◆ **Directions**
With nothing left out, give the data back exactly.

Dataset entries:
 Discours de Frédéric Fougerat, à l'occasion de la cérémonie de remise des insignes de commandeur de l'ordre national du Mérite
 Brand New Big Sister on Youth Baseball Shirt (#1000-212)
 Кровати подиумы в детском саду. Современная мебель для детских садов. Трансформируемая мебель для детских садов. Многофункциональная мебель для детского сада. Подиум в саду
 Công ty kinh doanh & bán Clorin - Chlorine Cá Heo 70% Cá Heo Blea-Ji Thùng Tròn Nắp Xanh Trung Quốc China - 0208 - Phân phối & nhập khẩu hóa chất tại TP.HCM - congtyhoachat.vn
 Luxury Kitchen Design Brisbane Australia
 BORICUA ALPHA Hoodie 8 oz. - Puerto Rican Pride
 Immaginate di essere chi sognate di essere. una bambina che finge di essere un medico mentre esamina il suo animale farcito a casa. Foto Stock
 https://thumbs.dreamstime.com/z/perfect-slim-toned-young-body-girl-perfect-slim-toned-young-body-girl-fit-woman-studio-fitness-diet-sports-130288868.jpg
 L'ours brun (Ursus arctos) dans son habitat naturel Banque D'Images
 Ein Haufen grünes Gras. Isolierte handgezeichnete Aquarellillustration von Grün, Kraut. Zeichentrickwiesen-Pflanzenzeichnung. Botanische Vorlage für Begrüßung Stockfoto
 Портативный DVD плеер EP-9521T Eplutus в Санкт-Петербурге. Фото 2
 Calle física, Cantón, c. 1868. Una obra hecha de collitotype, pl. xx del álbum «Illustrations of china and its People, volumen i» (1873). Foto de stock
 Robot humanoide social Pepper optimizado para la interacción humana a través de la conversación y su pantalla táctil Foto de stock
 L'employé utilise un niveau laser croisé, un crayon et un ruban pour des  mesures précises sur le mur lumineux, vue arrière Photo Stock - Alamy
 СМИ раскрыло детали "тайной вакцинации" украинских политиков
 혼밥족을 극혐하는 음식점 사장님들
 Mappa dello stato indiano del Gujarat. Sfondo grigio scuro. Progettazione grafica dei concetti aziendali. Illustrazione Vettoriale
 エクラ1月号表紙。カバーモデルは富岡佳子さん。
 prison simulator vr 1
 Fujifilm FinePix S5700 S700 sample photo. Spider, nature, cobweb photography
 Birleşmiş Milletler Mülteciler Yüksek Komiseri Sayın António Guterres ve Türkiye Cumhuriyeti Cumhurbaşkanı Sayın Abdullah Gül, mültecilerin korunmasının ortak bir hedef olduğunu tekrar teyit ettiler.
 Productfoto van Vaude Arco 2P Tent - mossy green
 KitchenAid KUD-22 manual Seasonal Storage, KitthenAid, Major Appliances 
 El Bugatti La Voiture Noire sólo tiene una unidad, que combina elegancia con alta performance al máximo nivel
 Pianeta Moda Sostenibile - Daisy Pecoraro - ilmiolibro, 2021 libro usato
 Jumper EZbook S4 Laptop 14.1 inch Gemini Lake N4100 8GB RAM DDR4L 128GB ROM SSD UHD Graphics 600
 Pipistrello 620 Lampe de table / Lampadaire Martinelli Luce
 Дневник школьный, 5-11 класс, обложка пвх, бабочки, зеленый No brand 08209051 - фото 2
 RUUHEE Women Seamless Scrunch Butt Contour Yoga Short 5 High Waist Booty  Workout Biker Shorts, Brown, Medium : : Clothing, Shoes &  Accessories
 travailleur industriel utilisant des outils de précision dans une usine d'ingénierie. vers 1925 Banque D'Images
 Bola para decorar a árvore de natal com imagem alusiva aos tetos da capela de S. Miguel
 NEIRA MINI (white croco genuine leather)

◆ **Result**
 Discours de Frédéric Fougerat, à l'occasion de la cérémonie de remise des insignes de commandeur de l'ordre national du Mérite
 Brand New Big Sister on Youth Baseball Shirt (#1000-212)
 Кровати подиумы в детском саду. Современная мебель для детских садов. Трансформируемая мебель для детских садов. Многофункциональная мебель для детского сада. Подиум в саду
 Công ty kinh doanh & bán Clorin - Chlorine Cá Heo 70% Cá Heo Blea-Ji Thùng Tròn Nắp Xanh Trung Quốc China - 0208 - Phân phối & nhập khẩu hóa chất tại TP.HCM - congtyhoachat.vn
 Luxury Kitchen Design Brisbane Australia
 BORICUA ALPHA Hoodie 8 oz. - Puerto Rican Pride
 Immaginate di essere chi sognate di essere. una bambina che finge di essere un medico mentre esamina il suo animale farcito a casa. Foto Stock
 https://thumbs.dreamstime.com/z/perfect-slim-toned-young-body-girl-perfect-slim-toned-young-body-girl-fit-woman-studio-fitness-diet-sports-130288868.jpg
 L'ours brun (Ursus arctos) dans son habitat naturel Banque D'Images
 Ein Haufen grünes Gras. Isolierte handgezeichnete Aquarellillustration von Grün, Kraut. Zeichentrickwiesen-Pflanzenzeichnung. Botanische Vorlage für Begrüßung Stockfoto
 Портативный DVD плеер EP-9521T Eplutus в Санкт-Петербурге. Фото 2
 Calle física, Cantón, c. 1868. Una obra hecha de collitotype, pl. xx del álbum «Illustrations of china and its People, volumen i» (1873). Foto de stock
 Robot humanoide social Pepper optimizado para la interacción humana a través de la conversación y su pantalla táctil Foto de stock
 L'employé utilise un niveau laser croisé, un crayon et un ruban pour des  mesures précises sur le mur lumineux, vue arrière Photo Stock - Alamy
 СМИ раскрыло детали "тайной вакцинации" украинских политиков
 혼밥족을 극혐하는 음식점 사장님들
 Mappa dello stato indiano del Gujarat. Sfondo grigio scuro. Progettazione grafica dei concetti aziendali. Illustrazione Vettoriale
 エクラ1月号表紙。カバーモデルは富岡佳子さん。
 prison simulator vr 1
 Fujifilm FinePix S5700 S700 sample photo. Spider, nature, cobweb photography
 Birleşmiş Milletler Mülteciler Yüksek Komiseri Sayın António Guterres ve Türkiye Cumhuriyeti Cumhurbaşkanı Sayın Abdullah Gül, mültecilerin korunmasının ortak bir hedef olduğunu tekrar teyit ettiler.
 Productfoto van Vaude Arco 2P Tent - mossy green
 KitchenAid KUD-22 manual Seasonal Storage, KitthenAid, Major Appliances 
 El Bugatti La Voiture Noire sólo tiene una unidad, que combina elegancia con alta performance al máximo nivel
 Pianeta Moda Sostenibile - Daisy Pecoraro - ilmiolibro, 2021 libro usato
 Jumper EZbook S4 Laptop 14.1 inch Gemini Lake N4100 8GB RAM DDR4L 128GB ROM SSD UHD Graphics 600
 Pipistrello 620 Lampe de table / Lampadaire Martinelli Luce
 Дневник школьный, 5-11 класс, обложка пвх, бабочки, зеленый No brand 08209051 - фото 2
 RUUHEE Women Seamless Scrunch Butt Contour Yoga Short 5 High Waist Booty  Workout Biker Shorts, Brown, Medium : : Clothing, Shoes &  Accessories
 travailleur industriel utilisant des outils de précision dans une usine d'ingénierie. vers 1925 Banque D'Images
 Bola para decorar a árvore de natal com imagem alusiva aos tetos da capela de S. Miguel
 NEIRA MINI (white croco genuine leather)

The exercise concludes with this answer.